Desc
Write an algorithm to determine if a number is happy.
A happy number is a number defined by the following process: Starting with any positive integer, replace the number by the sum of the squares of its digits, and repeat the process until the number equals 1 (where it will stay), or it loops endlessly in a cycle which does not include 1. Those numbers for which this process ends in 1 are happy numbers.
Input:19
Output:true
Explanation:
19 is a happy number
1^2 + 9^2 = 82
8^2 + 2^2 = 68
6^2 + 8^2 = 100
1^2 + 0^2 + 0^2 = 1
Input:5
Output:false
Explanation:
5 is not a happy number
25->29->85->89->145->42->20->4->16->37->58->89
89 appears again.
Memo
What makes this problem interesting is: why the result will not go infinitely large and there loops never ends
Some intuitive:
- 3 digits number, the square sum will be no larger than 243
- starting from 4 digits number, the square sum digits drops
- If we keep going, it will drop to <= 3 digits
| number | square sum |
|---|---|
| 9 | 81 |
| 99 | 162 |
| 999 | 243 |
| 9999 | 324 |
| 99999 | 405 |
| 999999 | 486 |
Math:
Assume $a_1, a_2, \dots a_m$ are m digits, we can prove the squared sum is no larger than n.

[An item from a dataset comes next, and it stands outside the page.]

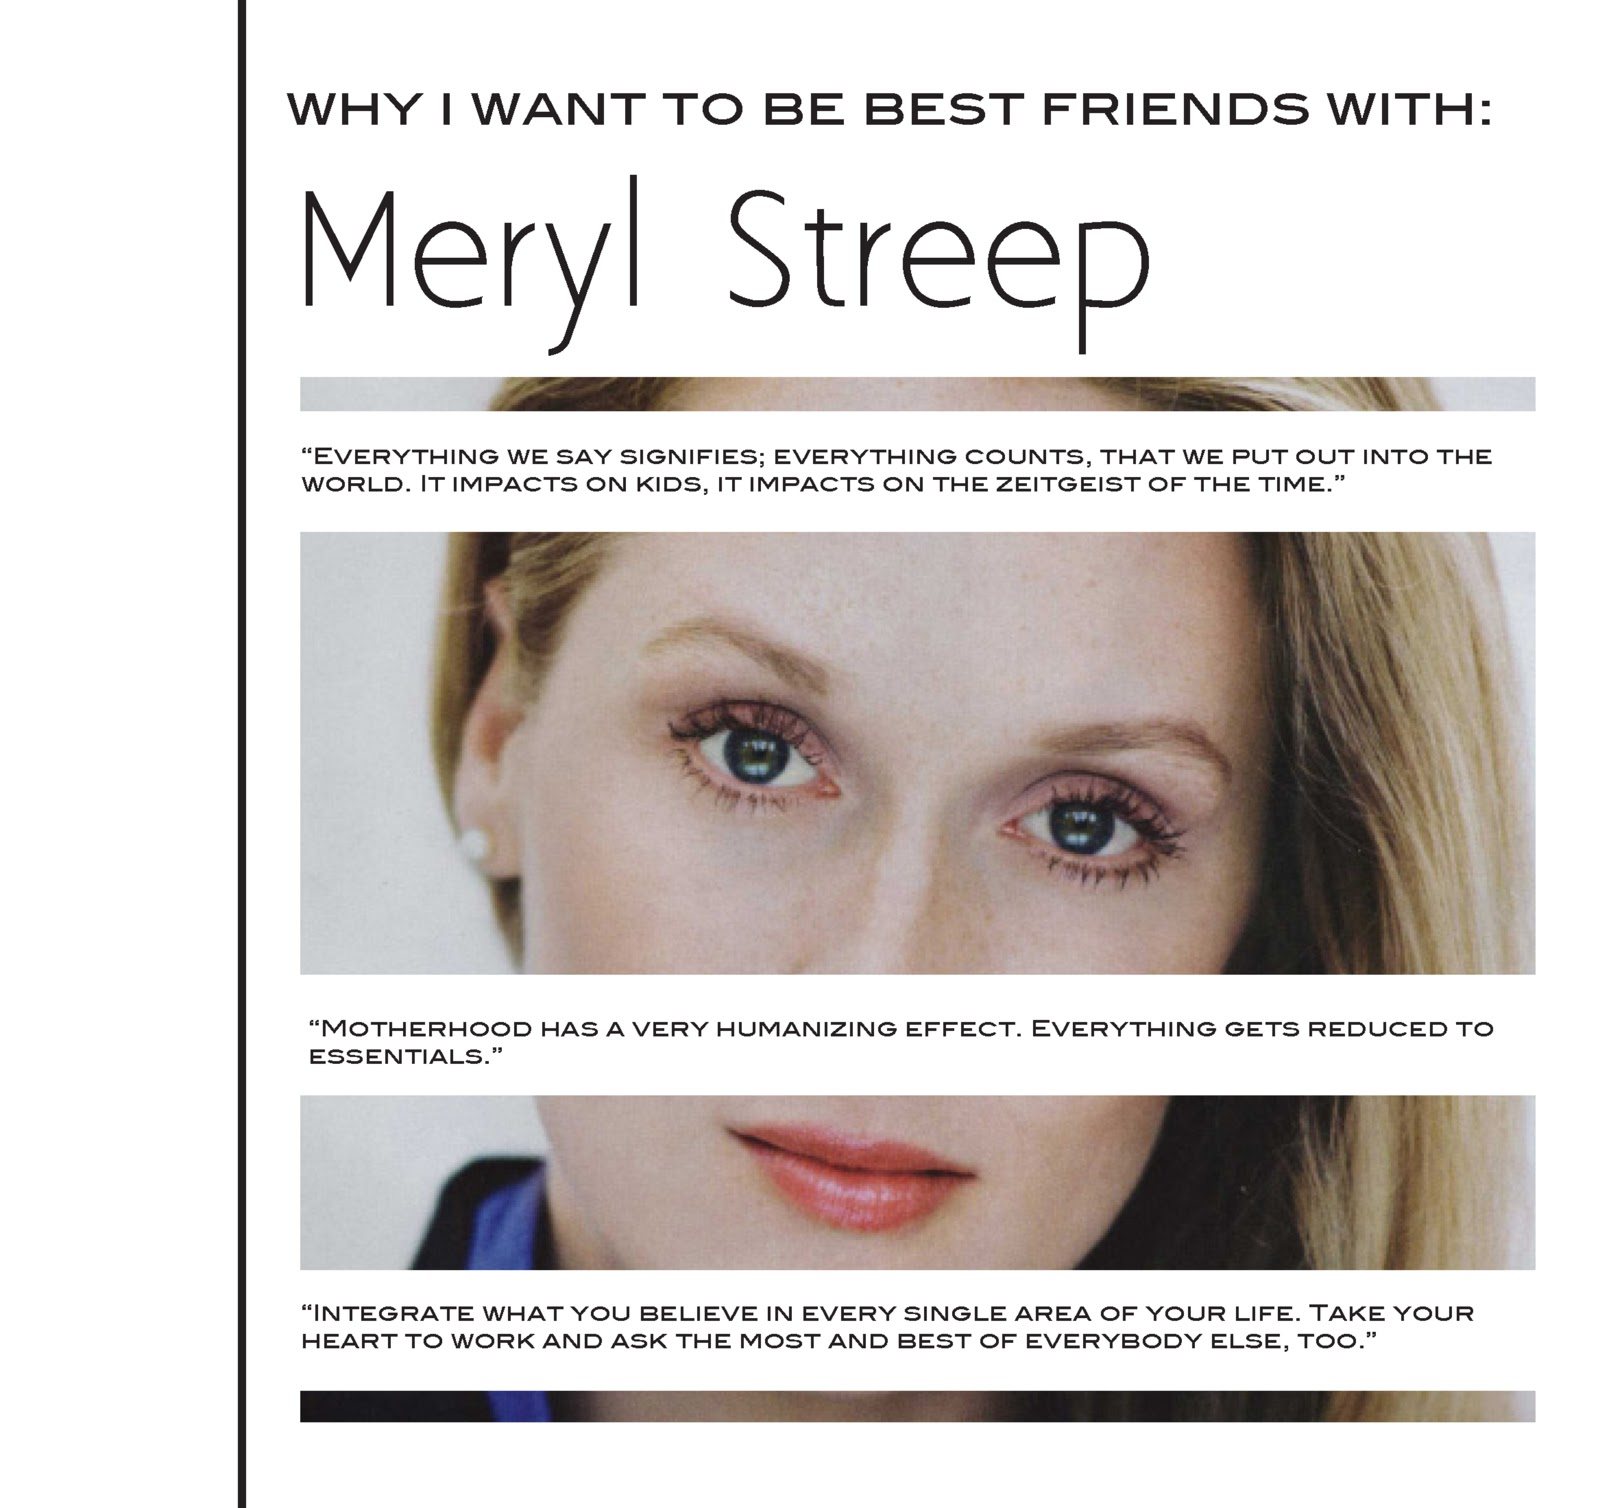 http://3.bp.blogspot.com/-y83919ov7FI/ULL7It5b1UI/AAAAAAAADiw/p3mvdjG4oc8/s1600/Meryl+Streep.tiff

$$ \begin{align} \text{squaredSum}(n) &= \sum_{i=1}^m a_i^2 <= m * 9^2 \\ n = \overline{a_1a_2 \dots a_m} >= 10^{m-1} \\ \lim_{m \to \infty} \frac{\text{squaredSum}(n)}{n} = 0 \end{align} $$
Solution
We can use slow fast pointer to find the loop:
public class Solution {
public int squareSum(int n) {
int sum = 0;
while(n > 0){
int digit = n % 10;
sum += digit * digit;
n /= 10;
}
return sum;
}
public boolean isHappy(int n) {
int slow = n, fast = squareSum(n);
while (slow != fast){
slow = squareSum(slow);
fast = squareSum(squareSum(fast));
};
return slow == 1;
}
}